The synthetic data models reality accurately. Each of the 800 training examples was constructed to reflect real conditions in each of the 8 target cities. UMEME's rolling blackout and load shedding patterns in Kampala. EKEDC's supply schedules in Lagos. The transformer failure signatures associated with K-Electric in Karachi. The generator switchover behaviors that define daily life in Beirut. The weather-grid interaction patterns specific to each climate. This is not random generation. It is domain modeling executed with research into the specific infrastructure of each city.

The live application is the real data collection instrument. Every time a GridSense user confirms or denies a prediction through the outcome confirmation feature built into the application, a real labeled data point is created. A real community report. Real weather conditions. A real ground-truth outcome. The synthetic data bootstraps the system into production. The production system generates the real data that eventually replaces the synthetic data. This is the intended architecture, not a workaround.

The alternative guarantees nothing gets built. If "only real labeled data is acceptable" were the standard applied to GridSense, no AI system for power outage prediction in the developing world could ever be trained β€” because the data ecosystem that would enable it does not exist and no institution with resources has shown intent to create it. Setting an impossible standard is not rigor. It is an excuse for inaction that costs nothing for the researchers who invoke it and costs everything for the communities who need the tool.

The data generation process was itself subject to the problem. The 800 synthetic training examples were generated on a consumer laptop with no GPU over several days in Mukono, Uganda. During generation, the laptop experienced multiple power outages. Each training example was written to disk with os.fsync() after generation specifically to prevent data loss from unexpected shutdowns. This is not an anecdote. It is a precise description of the environment in which the people who need this tool actually live. The data was generated inside the problem it describes.

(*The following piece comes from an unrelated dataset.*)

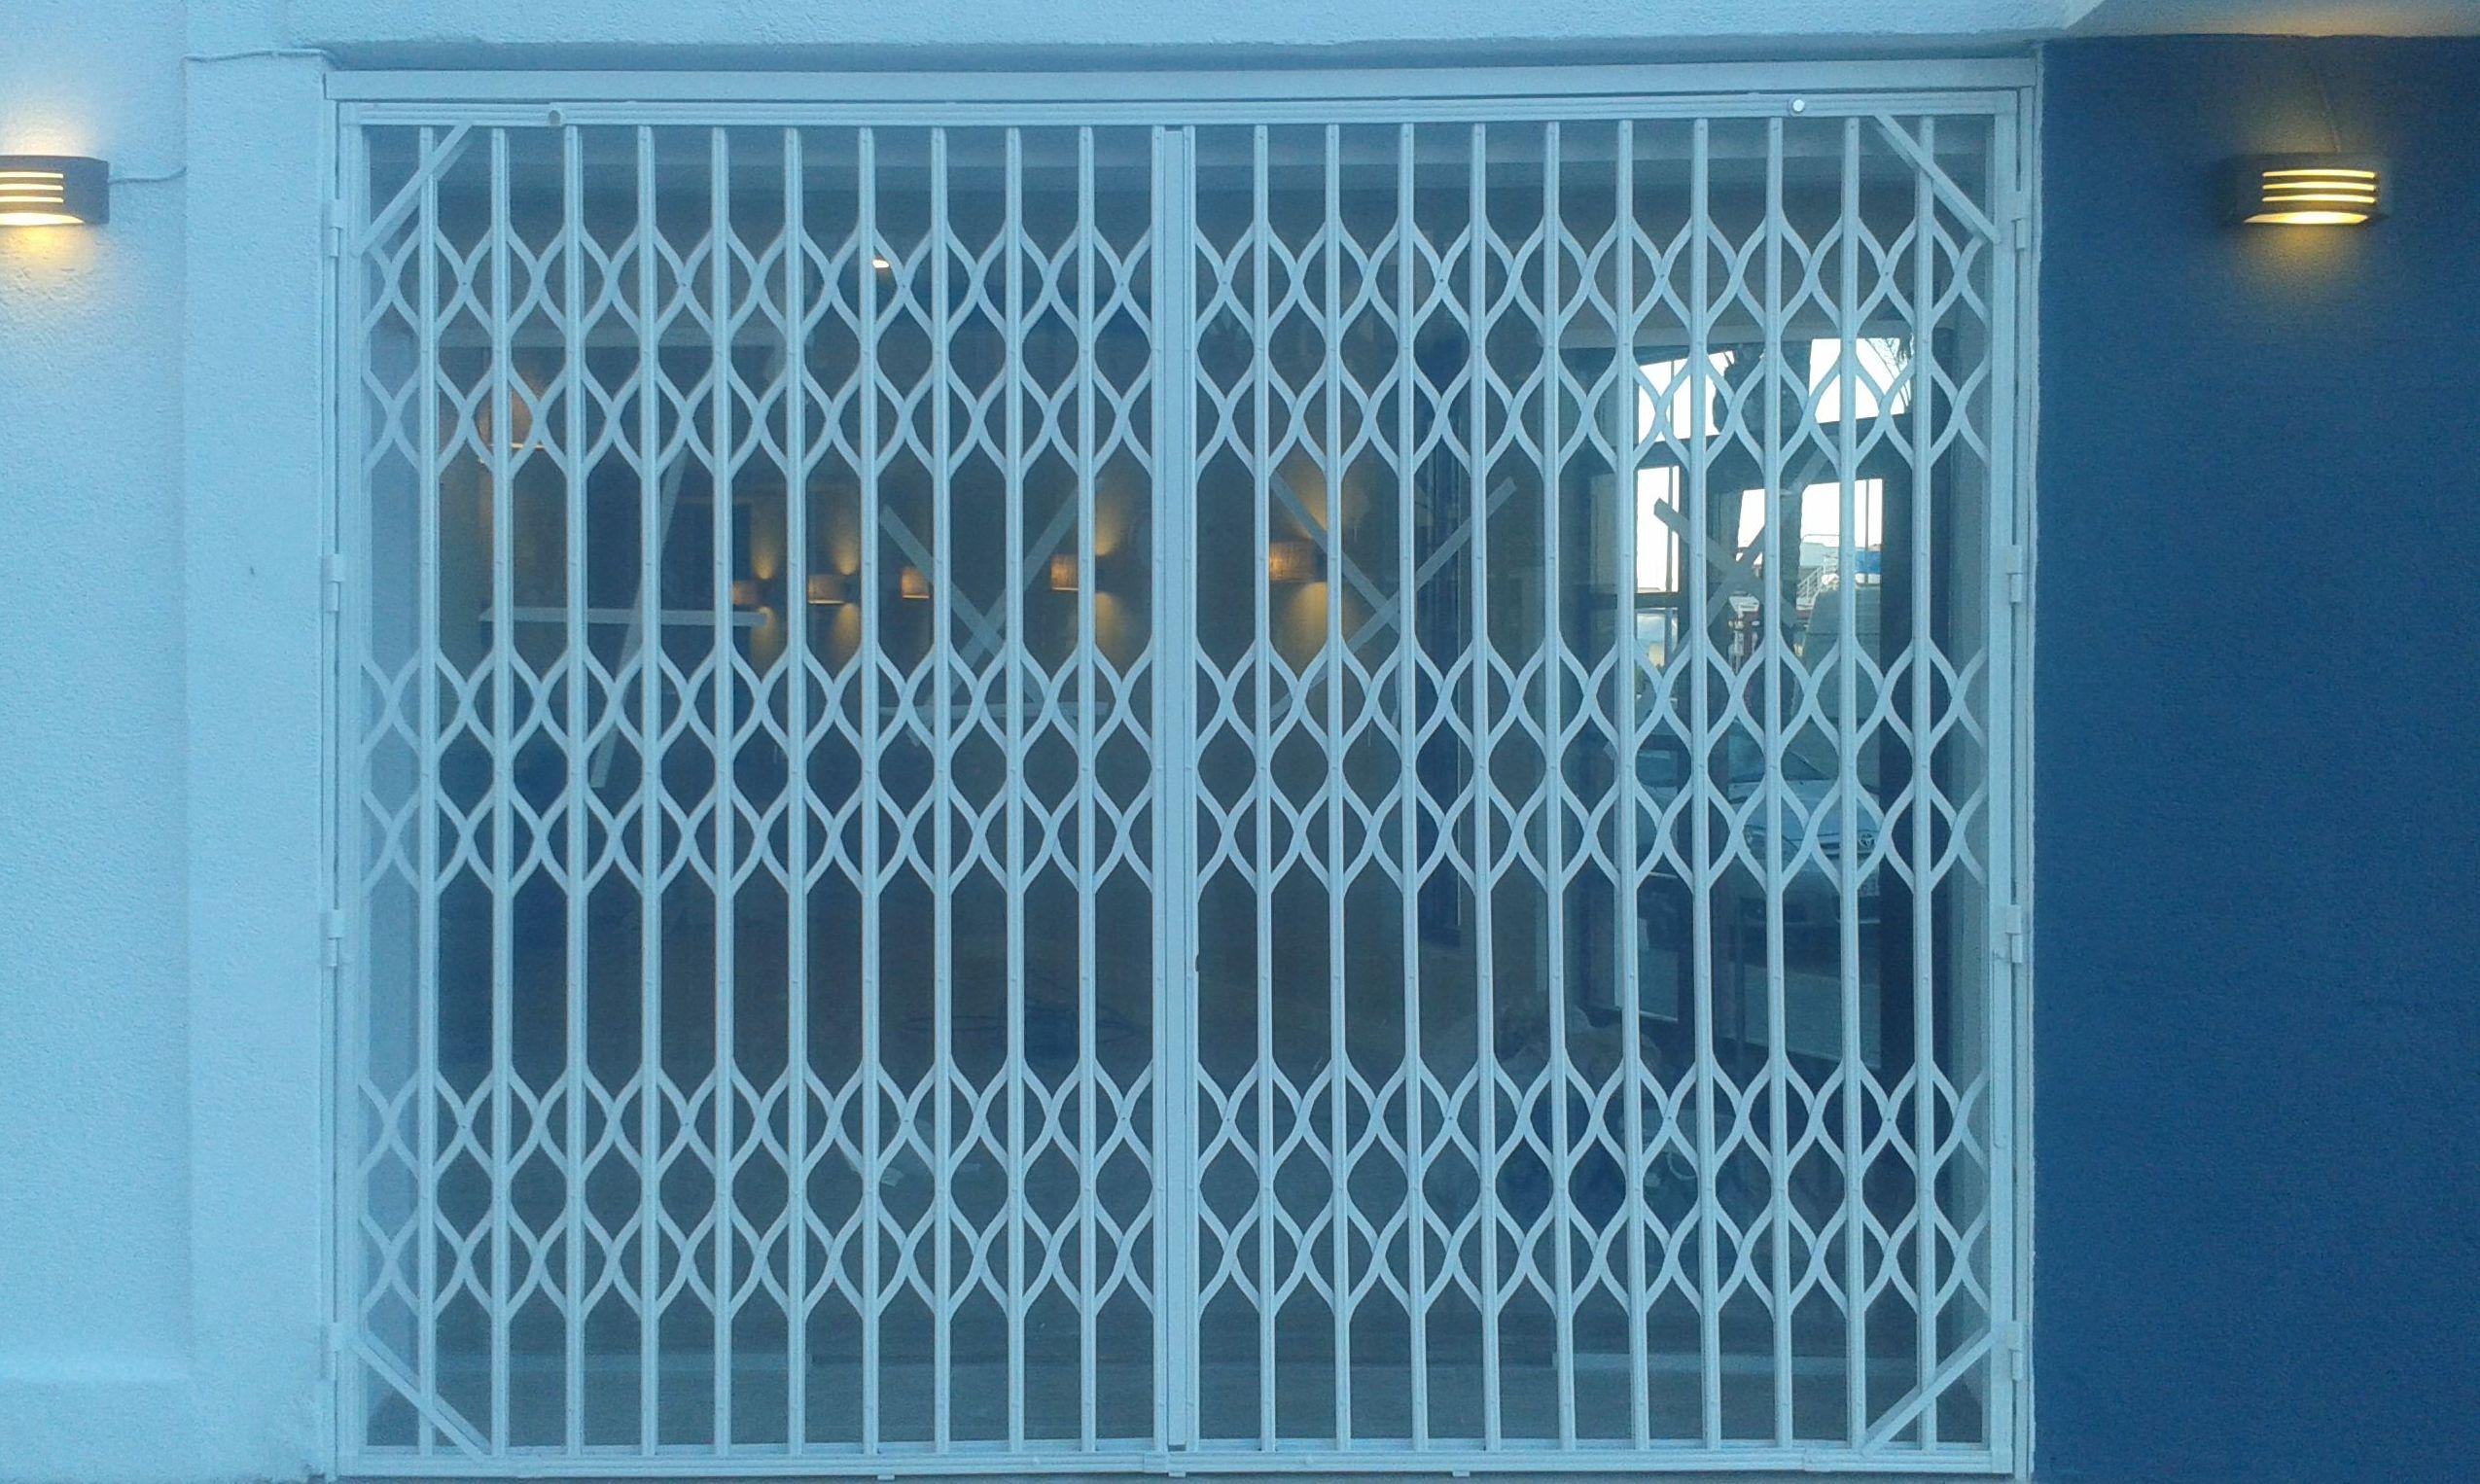 Puerta de ballesta en Rte gavila

What GridSense Is Actually Building

GridSense is not a project that used synthetic data because real data was unavailable and moved on.

GridSense is a project that was designed from the beginning to create the real data that does not exist, using a working application as the data collection mechanism, deployed in the communities that need it, at zero cost to those communities.

The outcome confirmation loop is not a minor feature. It is the mechanism by which every GridSense prediction becomes a real labeled training point. It is how the synthetic bootstrapping phase transitions into real-data training in Phase 2. It is how GridSense becomes, over time, not just the first outage prediction tool for these communities but the first large-scale labeled dataset of community-reported infrastructure signals from the developing world.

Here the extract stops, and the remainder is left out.